Mientras tanto, la hegemonía cultural en Estados Unidos se fue inclinando de forma constante: manuales escolares que presentan el capitalismo casi exclusivamente como explotación; universidades donde el marxismo cultural opera como sentido común; medios donde “imperialismo”, “blanquitud”, “heteropatriarcado” y “neoliberalismo” son villanos permanentes, mientras las dictaduras socialistas son relativizadas, excusadas o cuidadosamente omitidas. De esa atmósfera surgen generaciones que asocian “socialismo” con empatía y justicia, y “anticomunismo” con ignorancia, odio o fanatismo.

Aquí aparece el giro perverso del lenguaje: decir “comunista” en el debate público se ha vuelto casi un suicidio retórico. No porque el comunismo haya sido rehabilitado, sino porque la palabra se percibe como un insulto vacío, un cliché de caricatura. Quien advierte sobre tendencias, métodos o discursos que toman de la tradición marxista-leninista es etiquetado de conspiranoico y, si además es cubano, se activa de inmediato el eco del vocabulario del régimen: “gusano”. El término “comunista” se usó tanto, tan mal y tan torpemente, que al pronunciarlo muchos dejan de escuchar antes siquiera de examinar la evidencia.

El resultado es que la batalla semántica la han ganado quienes más se benefician de esta confusión. “Comunismo” queda reservado para el horror extremo, indiscutible; “socialismo”, en cambio, circula como etiqueta boutique del idealismo progresista. Ahí está el núcleo del problema.
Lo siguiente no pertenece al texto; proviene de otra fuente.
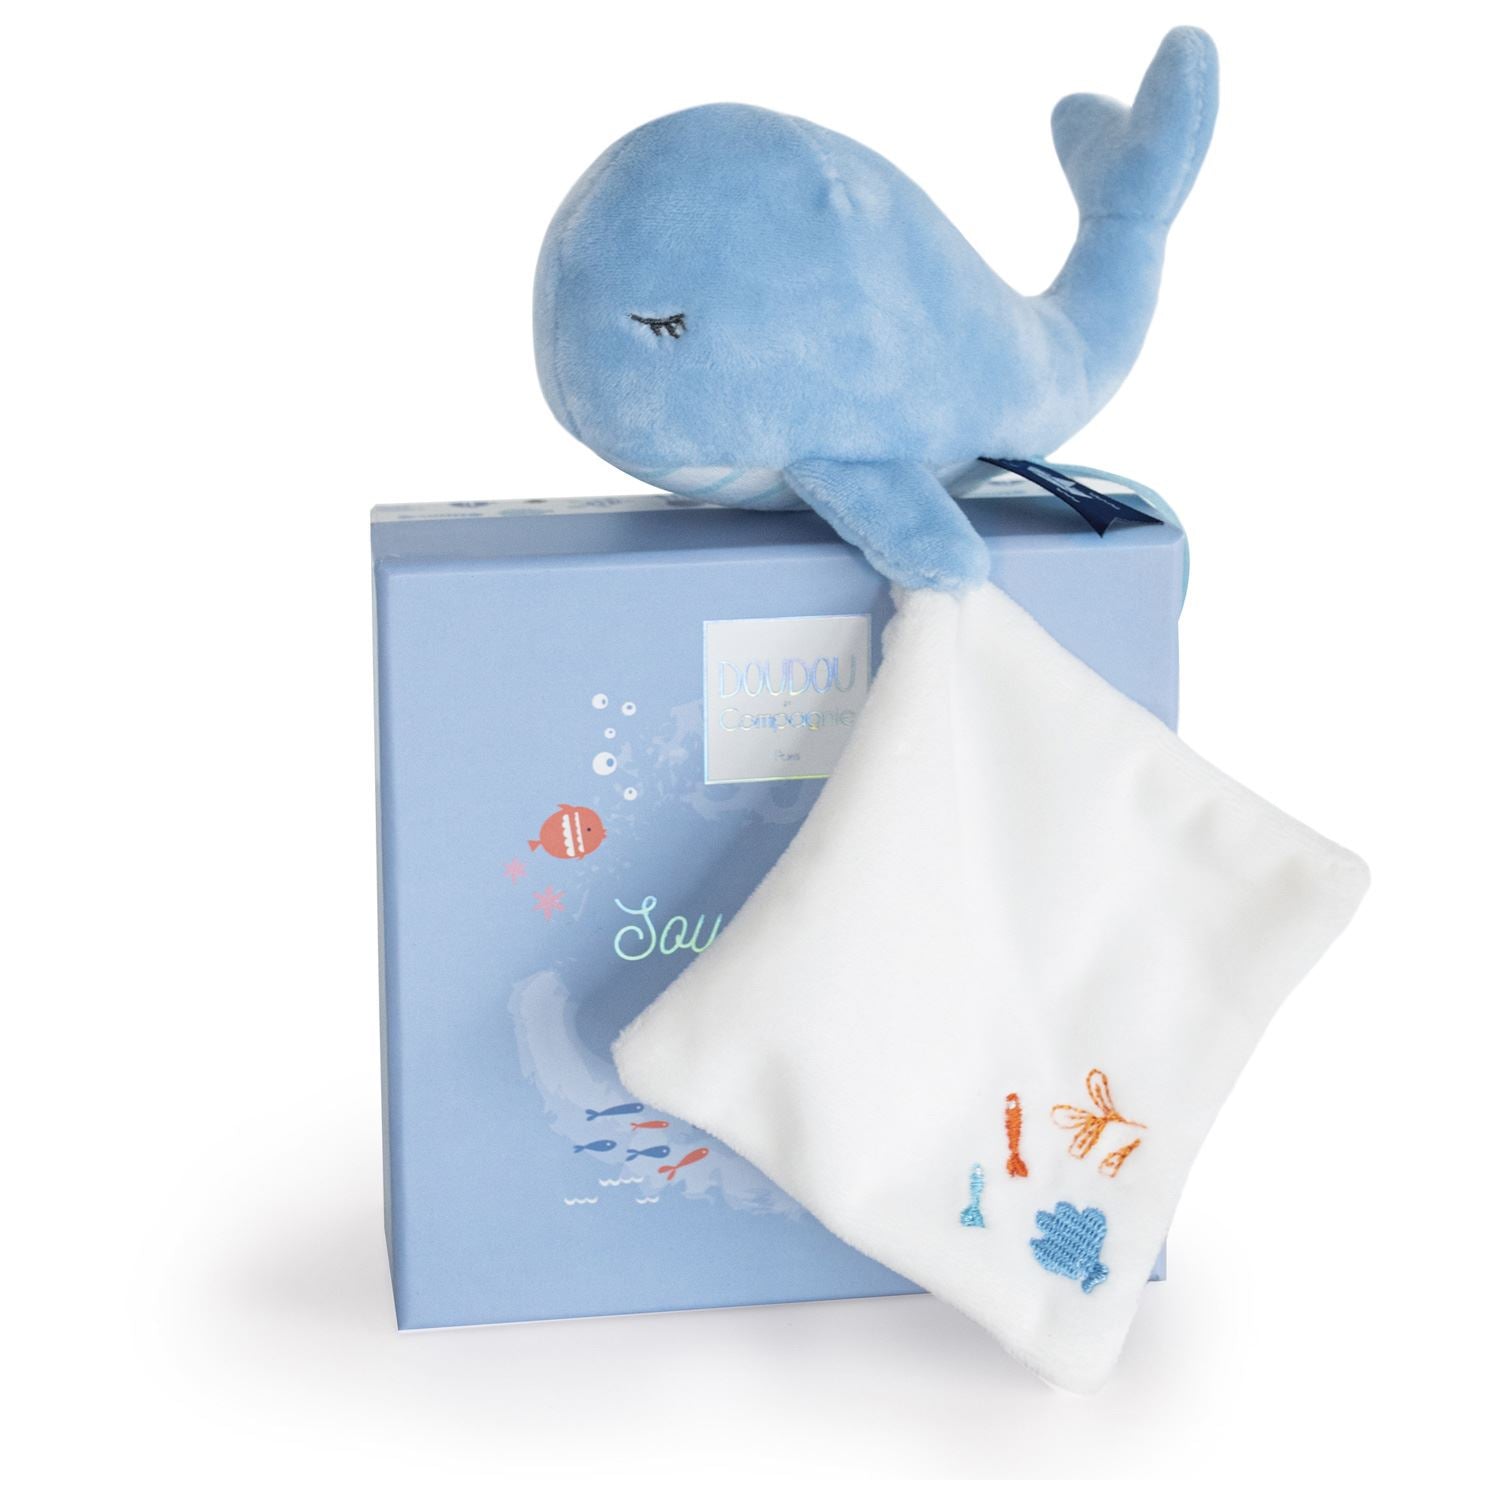 Doudou et Compagnie Under the Sea: Whale Plush with Doudou blanket Plushies

No es necesario que alguien agite la bandera roja, aunque cada vez la vemos con más naturalidad en marchas y protestas, ni que cite a Stalin para reconocer la continuidad ideológica: basta revisar qué modelo de sociedad propone, qué lugar concede al individuo, a la propiedad, a la familia, a la libertad de expresión, al mérito, al mercado, a la nación.
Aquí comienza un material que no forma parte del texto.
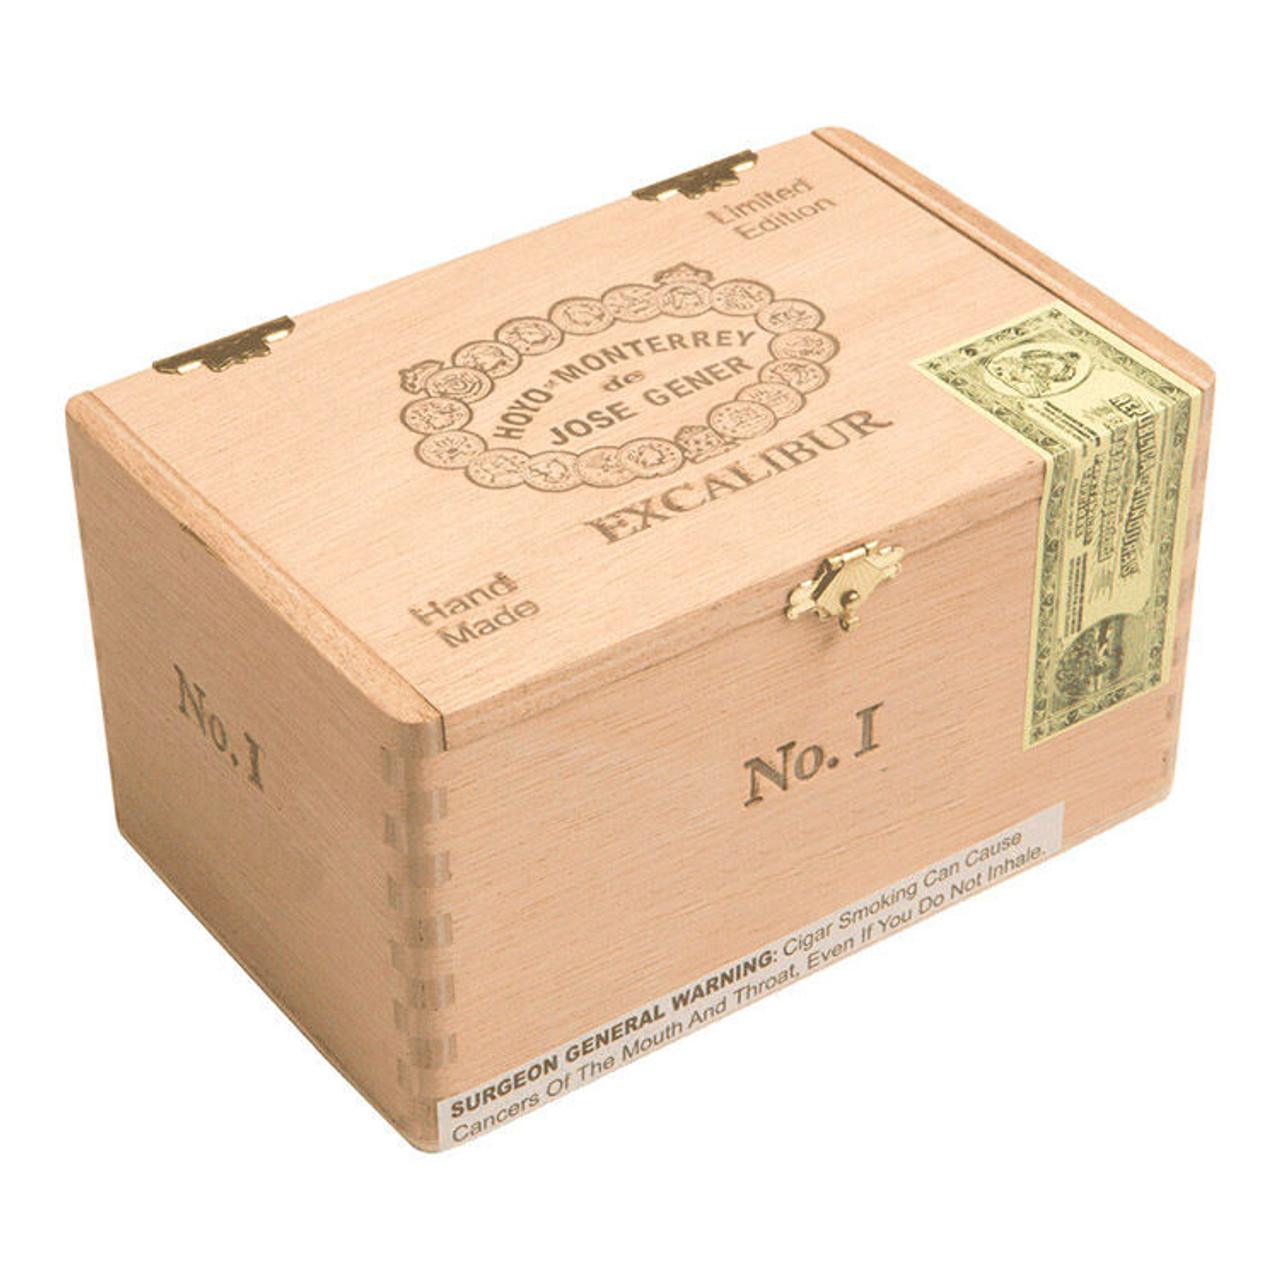 Excalibur No. III Cigars - 6.12 x 48 (Box of 20) *Box

Por eso no basta con el matiz cómodo de “esto no es comunismo, es socialismo democrático”. El exilio cubano, los exiliados de la Unión Soviética y bloque comunista, los venezolanos, los nicaragüenses, todos los que han visto la película completa, saben que la ruta empieza siempre con palabras aceptables: reformas, justicia social, redistribución, inclusión, derechos. El lenguaje viene edulcorado; las estructuras de poder, no tanto.

Cuando comprobamos que en grandes ciudades estadounidenses el discurso socialista deja de ser tabú para convertirse en plataforma legítima; cuando candidatos y figuras públicas asumen sin costo político etiquetas y agendas que hace pocas décadas habrían sido impensables en la corriente principal, las advertencias de aquellos exiliados dejan de sonar exageradas. No se trata de gritar mecánicamente que “tal alcalde es comunista”, esa simplificación solo fortalece al adversario, sino de observar con claridad que ideas antes marginales hoy gozan de prestigio cultural, presupuesto, cátedra y micrófono.

La respuesta no está en inflar insultos, sino en afinar el diagnóstico. Hay que dejar de regalarle el lenguaje a la izquierda. El problema es el socialismo como proyecto: la doctrina que subordina a la persona al colectivo administrado, que erosiona la propiedad, debilita los contrapesos, justifica la ingeniería social desde arriba y, en su versión consecuente, termina necesitando dosis crecientes de coerción.

Decirlo con todas sus letras no es paranoia: es precisión moral e histórica. El adversario no es solo quien se proclama comunista confeso, sino todo aquel que reivindica el socialismo como horizonte noble, blanqueando el costo humano que lo acompaña. La lección, después de Venona, Mitrokhin, Almendros y más de un siglo de exilios ignorados, es simple: cuando alguien nos dice qué ideas abraza, lo mínimo es creerle… y llamar a esas ideas por su nombre. Por lo tanto, seamos claros: denunciemos al socialismo por lo que es, criminal y liberticida, y asumamos sin complejos la tarea urgente de defender, explicar y restaurar los principios de una sociedad verdaderamente libre.